Furthermore, both the wind and the thermal distortions, even if within the resistance limits, can over time trigger phenomena of cyclical effort within the metal structuressuch as to lead to a collapse (partial or total) even with loads far from the limits of resistance. The structure subject to the failure is recently built, in operation for a few years, so fatigue phenomena could be induced not by the absence of maintenance but possibly from building or design defects.

Design complexity and risk margin

Useless at the moment to support theses without technical reliefs and evidencewhich will probably require a lot of time of investigation. The design of the support structure of the large general signs, also considered the position at the top of a skyscraper, takes place in a context dominated by a computational complexity.
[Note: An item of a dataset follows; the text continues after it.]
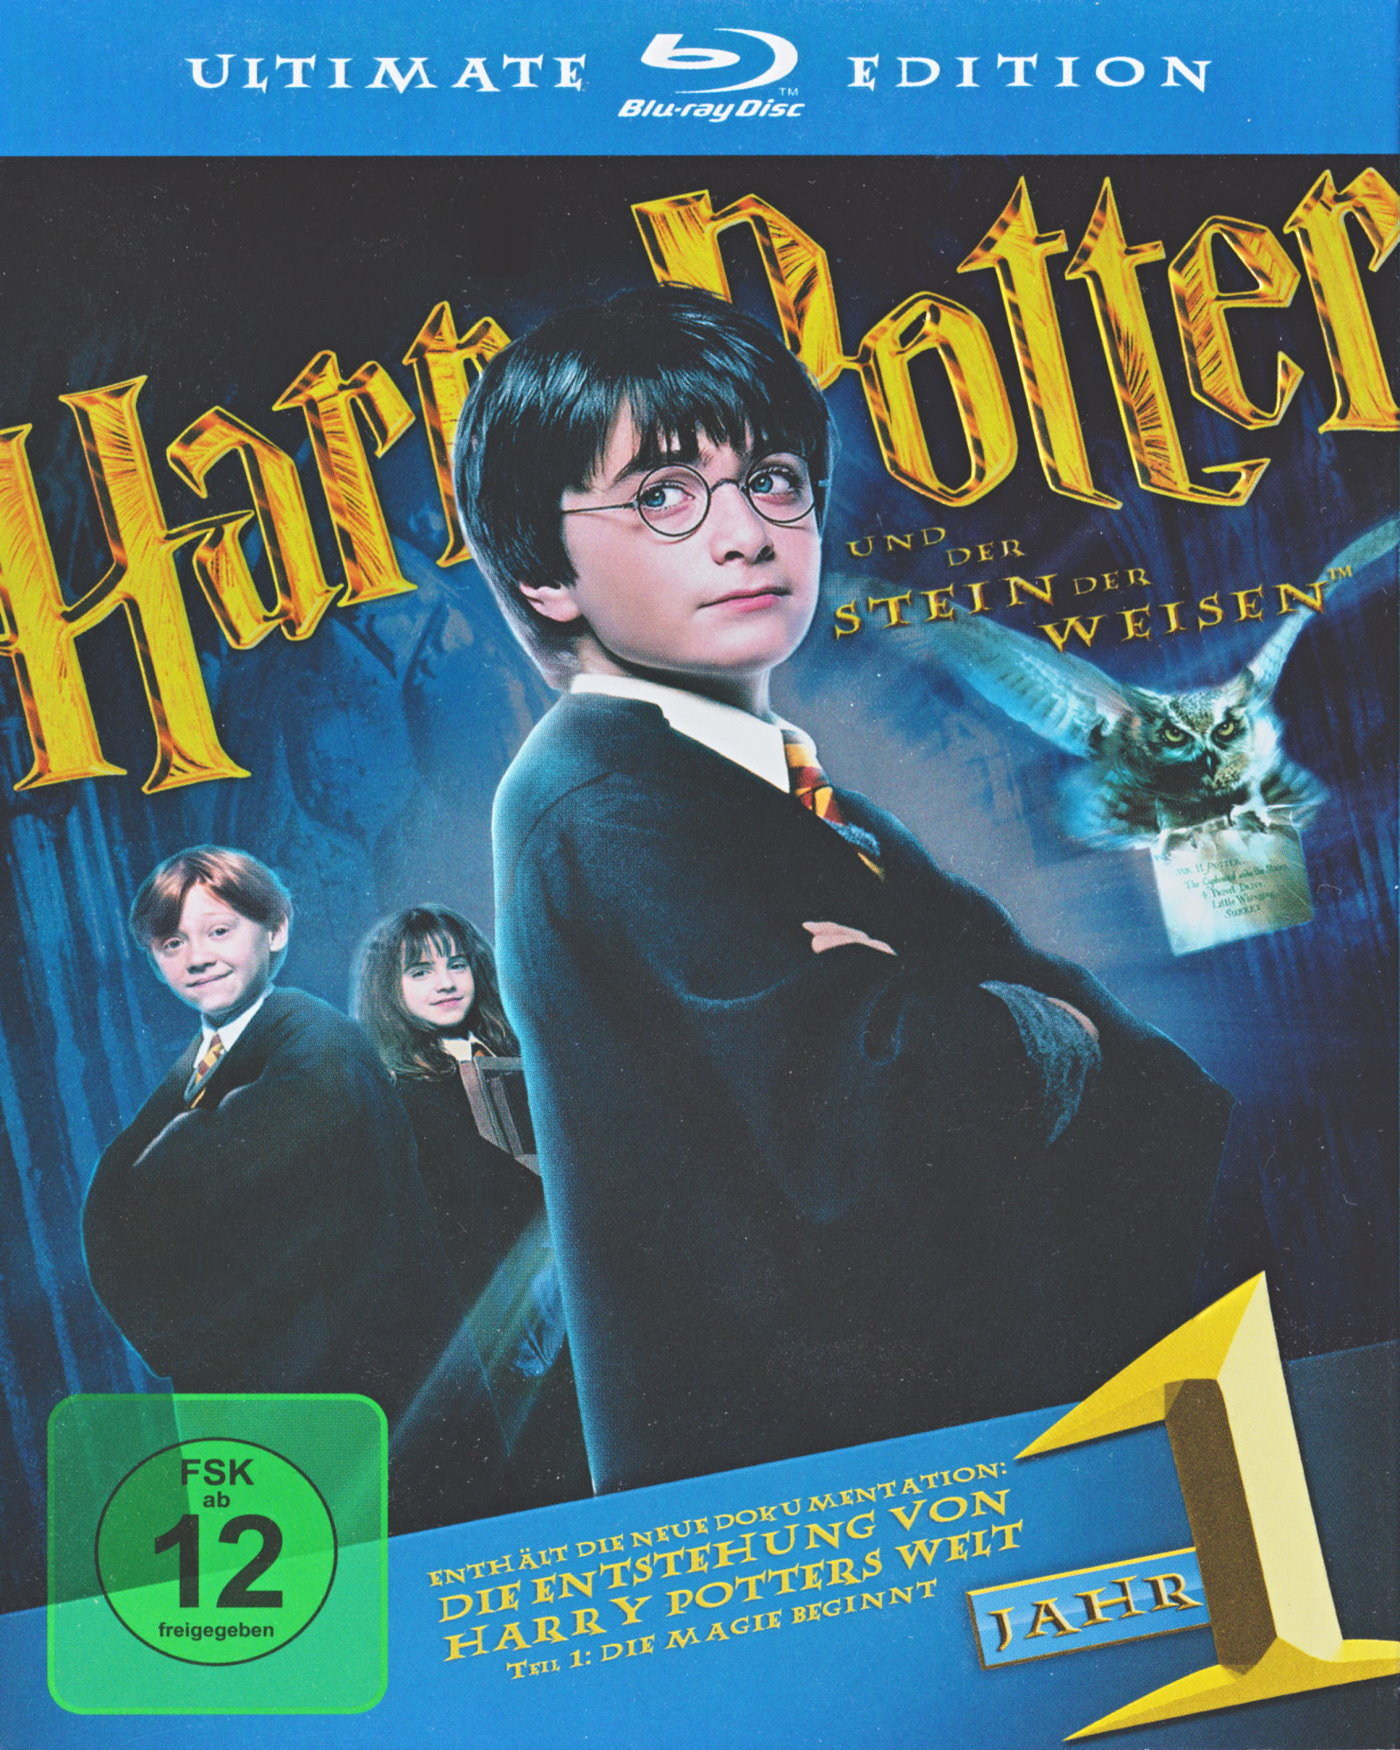 Cover - Harry Potter und der Stein der Weisen.jpg

This complexity must not represent a justification for what happened, because surely the technical responsibilities will be ascertained, however it must represent a brake on immediate conclusions in front of a single photographic report reported by the press. Pending the results of the technical appraisals, it should be remembered how the complexity of the structure may have possibly induced more causes between them related.

Premises underlining how modern skyscrapers are real engineering challengeswhich as of course never lose sight of the safety priority required by the technical standards, without however forgetting that Safety is a semi -profound concept which accepts a very limited but existing margin of error. The Zero risk does not exist in any scientific and technical fields.

As repeated several times in these days by several technicians, “A tree that falls compared to a growing forest makes more noise.” In the face of the limited cases of collapses, there are millions of similar structures that perform their exercise very well, guaranteeing people with safety to people. A concept similar to aerial tragedies: despite every now and then, a plane crash occur (with almost fatal consequences), the statistics show that air transport is among the safest. Engineering, like medicine, is a reliable science but still affected by a minimum margin of human error. As there may be risks, albeit minimal, deriving from an operation in the operating room, similar risks, always limited, can also exist, also in the design of very complex structures.

The steps forward in terms of safety and reliability have matured over time also thanks to the understanding of errors. From the collapses you learn to avoid others in the future. So engineering has also progressed over time. Unfortunately in recent times we have witnessed more frequently in collapses due to the absence of maintenance: even if This is not the case of the news of the general tear, that of maintenance is on the contrary a lesson that is hard to learn.